People who are not anchored in the Rock of our Salvation need to be convinced that there is no safe anchorage for our soul anywhere below!   There is no security here, no quiet harbor, no haven of rest.  Hope in anything earthly is useless and disappointing; but the hope which finds its anchorage in heaven is “a living hope.” God help us during the storms of life to always look upward to the  big God  that is there and not so much at the fierce waves  that are beating about our feet.

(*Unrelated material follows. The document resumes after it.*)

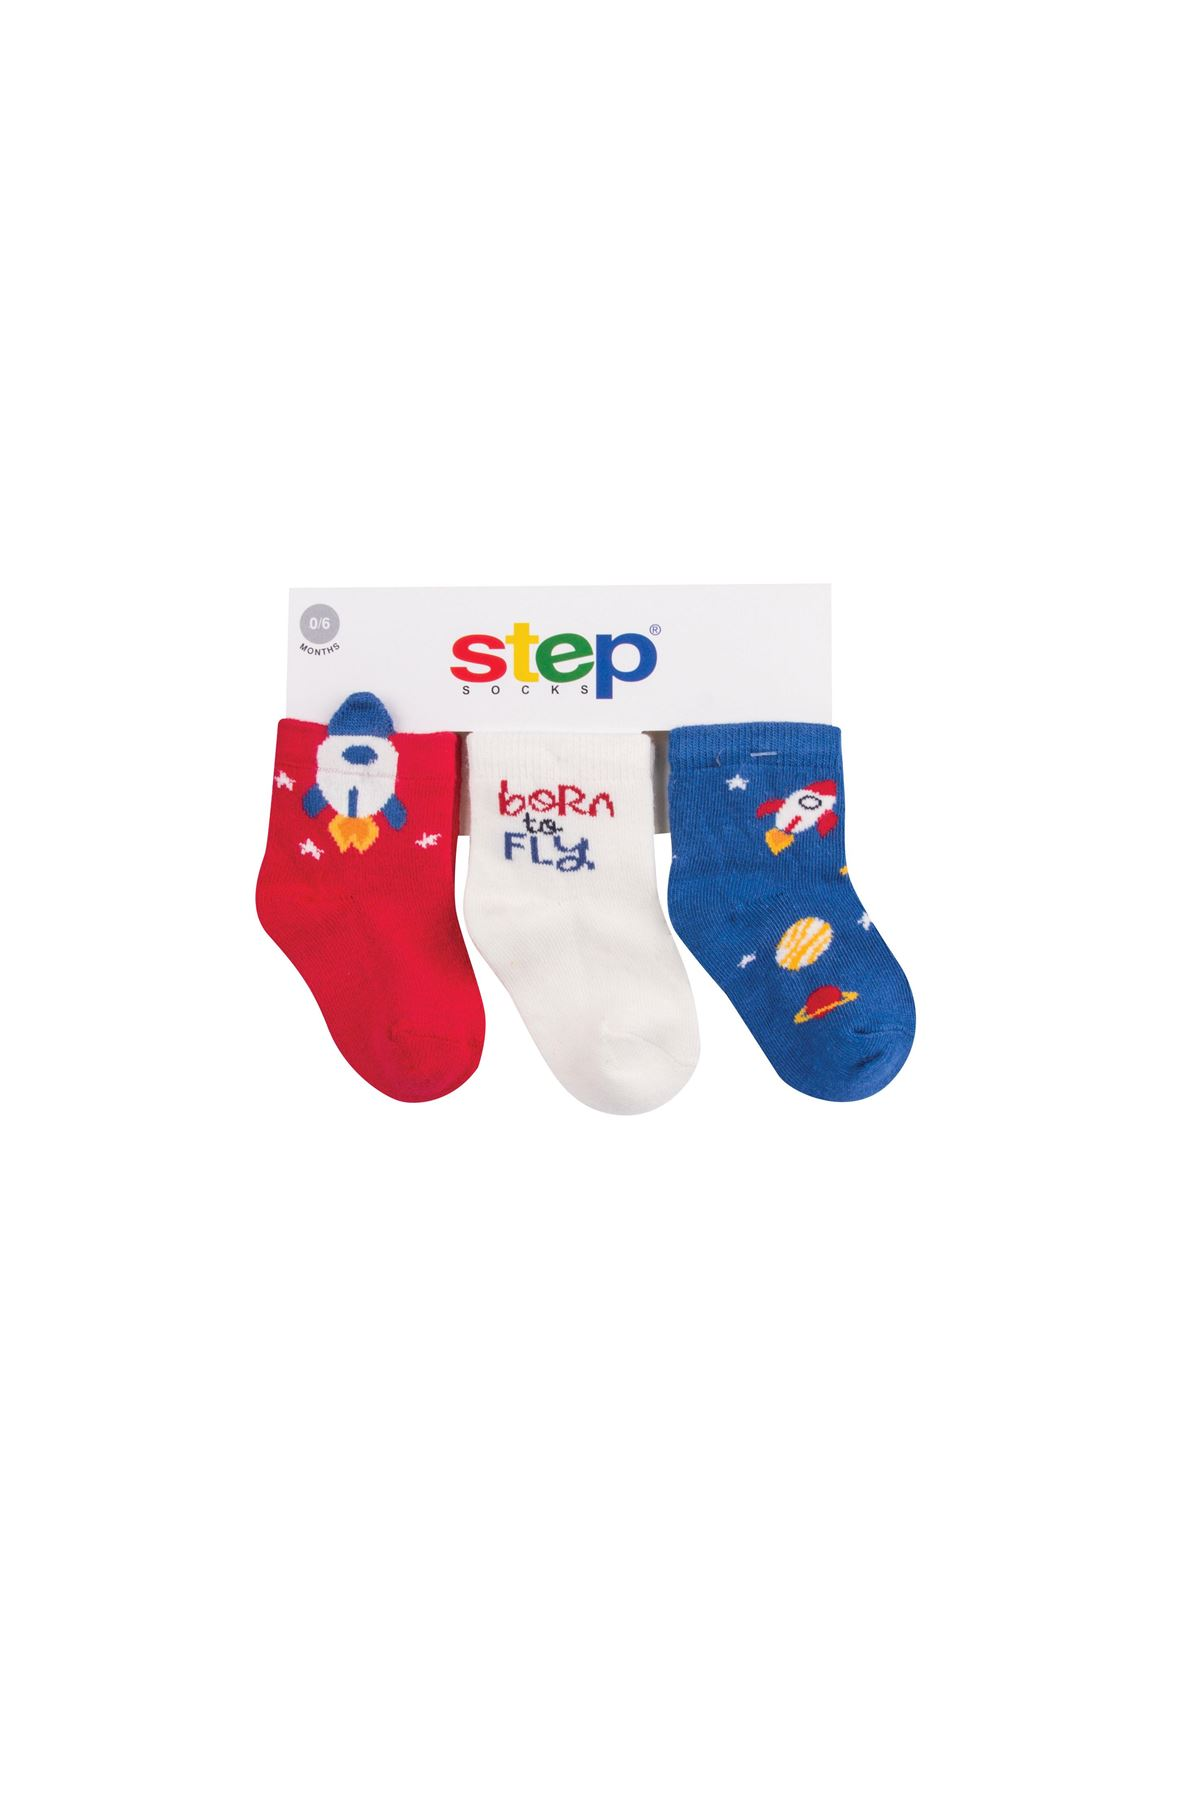 Step 3Lü 3D Uzay Soket Çorap 10151 Karışık Renkli

          If you have never experienced the storms of life yet, you may not relate to this story at all.  But I know that someday you will be in a storm, and I hope your faith remains intact.  Will your anchor hold during suffering?  If you go through major surgery, or are diagnosed with a terminal illness, do you know this Jesus who loved us so much, he died to give us hope?    This Jesus who was there with me in ICU?  Do you know God the giver and sustainer of life?  I can’t tell you how much you are going to need Him!  Read His “love letters” he wrote to us in the Bible.  Read the verses that will give you strength and hope, and keep them in your heart.

 

Pain and Suffering

 

My faith in God helped me to face pain.  Doctors try to prevent pain, but are not always able to do so. I never imagined the pain that I would be going through.  I contracted a polymicrobial infection in my sternum.  I underwent a second operation in which they cut my sternum open again.   I laid in bed with an open chest wound for over a week.  They would stuff the wound twice a day with Betadine soaked gauze. When they came to stuff my wound, the doctor instructed me to say something, and as you speak, I will shove the gauze between the cut sternum piece by piece.  I began saying “Out…out…out…”  Each time opening the chest so a little more gauze could be stuffed in.  After a while the doctor stopped shoving and asked, “Why are you saying ouch, …am I hurting you?”  I replied, I’m not saying ouch.  I’m saying out…because I’m going to get out of here!  I never gave up hope…even though the Echo technician bluntly told us that most people who have that infection don’t make it. I never gave up hope because of Rom 8:28        “and we know that all things work together for good to those who love God, to those who are the called according to His purpose.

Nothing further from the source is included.